Speech at the Annual Hotung Lecture 2011
7 January 2011 (Friday) at 3 pm
The Annual Hotung Lecture 2011
Welcoming Speech by Mrs Cherry Tse, JP
Permanent Secretary for Education
Professor Renzulli, Professor Reis, Mr Koo, Dr Tommis, distinguished guests, principals, teachers, ladies and gentlemen,
Good afternoon! It is very encouraging to see so many committed school principals, teachers and educators gathered here today for a valuable professional exchange. For all those working in the field of gifted education, Professor Renzulli and Professor Reis would be no strangers. Their work on the Three Ring Conception of Giftedness and the Enrichment Triad Model are must-know classics in the field.
Since the setting up of the HK Academy for Gifted Education, the Education Bureau has been working closely with this strategic partner to provide services to our gifted students as well as their teachers and parents. Enhancing gifted education-related professional development programmes is an integral part of our efforts, not least because of the importance of school-based approach in permeating gifted education in various Key Learning Areas. I feel encouraged by the impressive number of school principals and teachers in the audience.
This Annual Hotung Lecture, organised by the Academy, provides a very good opportunity for educators to engage in quality exchange with world renowned scholars in gifted education. In the lecture, Professor Renzulli will share with us his insights on the unique aspects and benefits of gifted education and redefine its role in the 21st century. Professor Reis will present evidence-based research about ways that gifted education programmes can profoundly influence the lives of gifted students.
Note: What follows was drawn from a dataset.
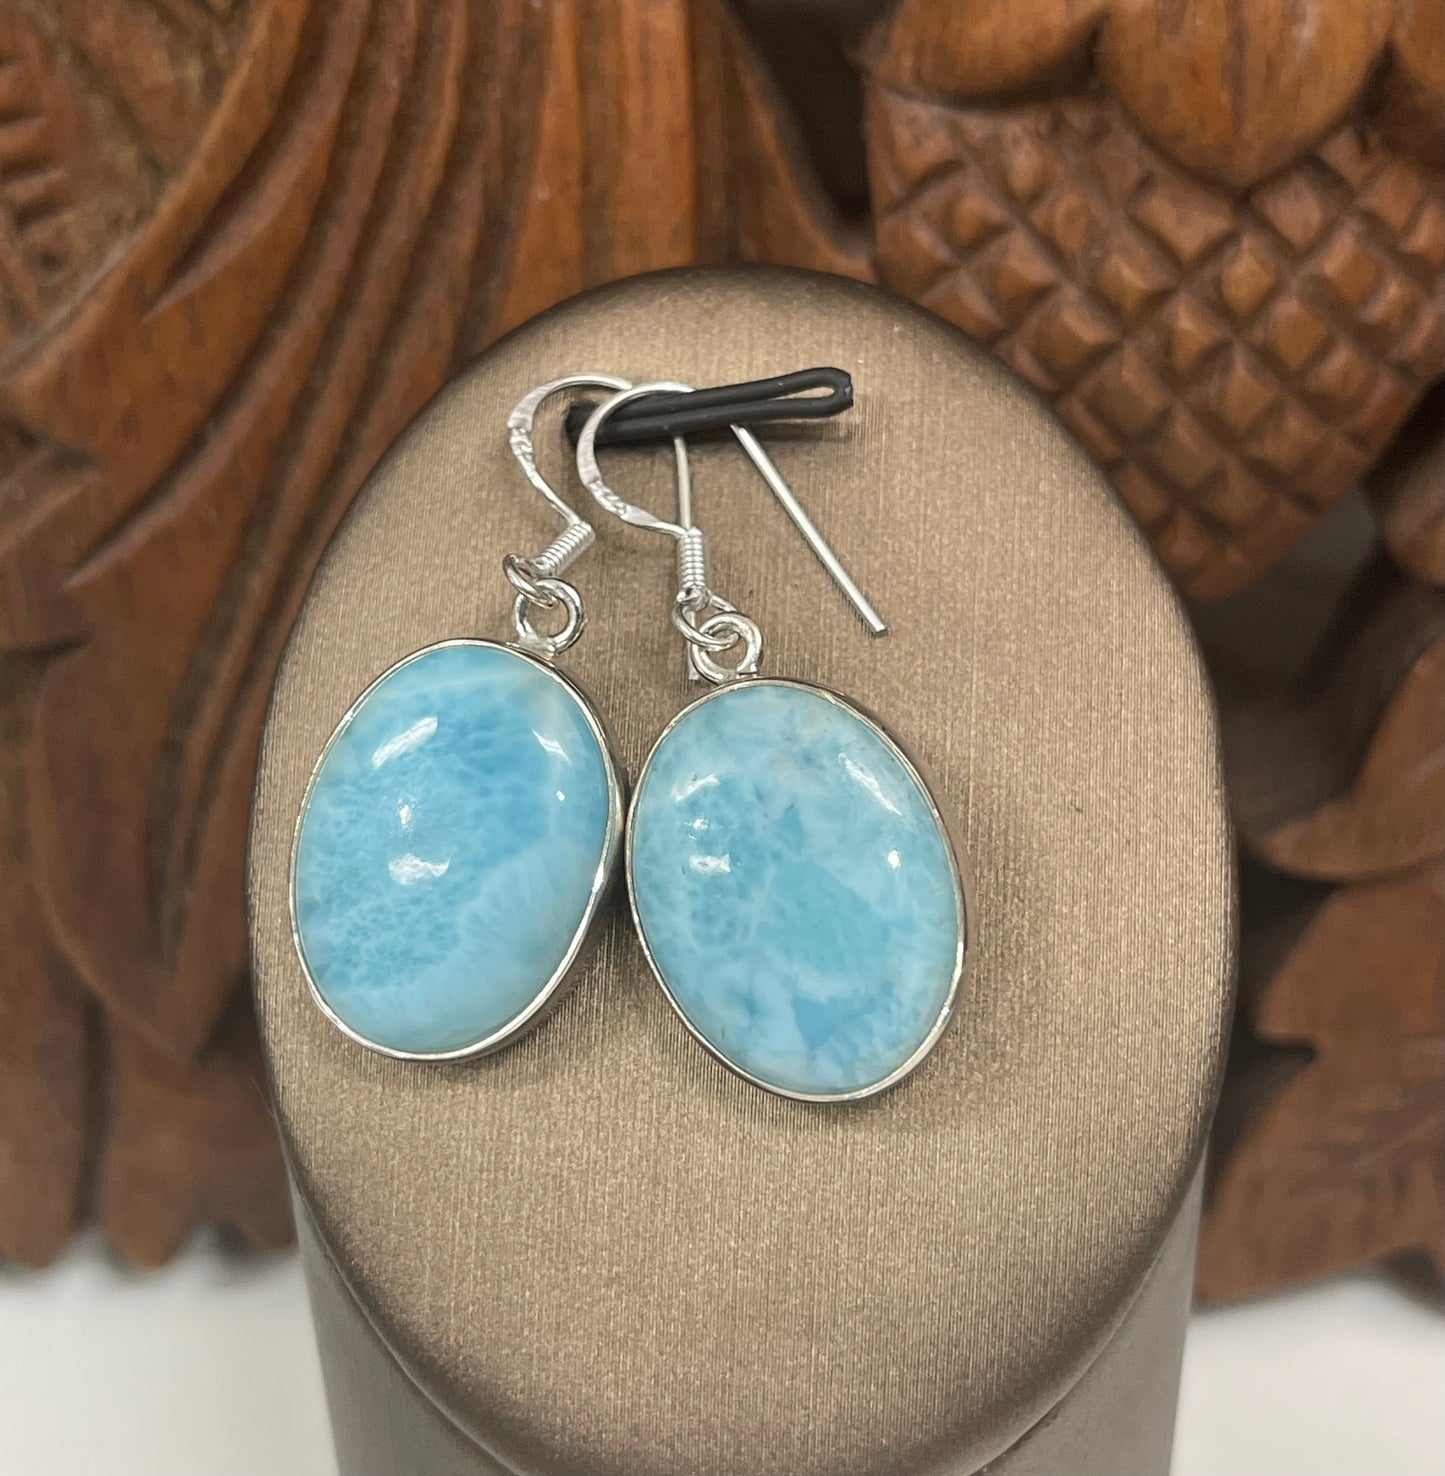 Larimar Sterling Silver Earrings - 4 sizes Available

As Alexander Graham Bell, the great inventor of telephony, says, “Great discoveries and improvements invariably involve the cooperation of many minds.” I am sure that the takeaway today will transcend far beyond the time and the physical confines of this lecture. The reflections, professional dialogue and collaboration that today’s lecture will trigger will, I am sure, help us take a critical look of what we have been doing and how it may be refined for greater effectiveness.
Before closing, I would like to thank the Board and the Executive of the Academy which, under the committed and capable leadership of Mr. Irving Koo, has much enhanced the awareness and knowledge of gifted education in Hong Kong. Our gratitude must also go to the stars of today – Professor Renzulli and Professor Reis – for their professional sharing and of course to you, my fellow members of the audience for your commitment to, and support for, gifted education.
Last but not least, a Happy and Wonderful New Year to you all!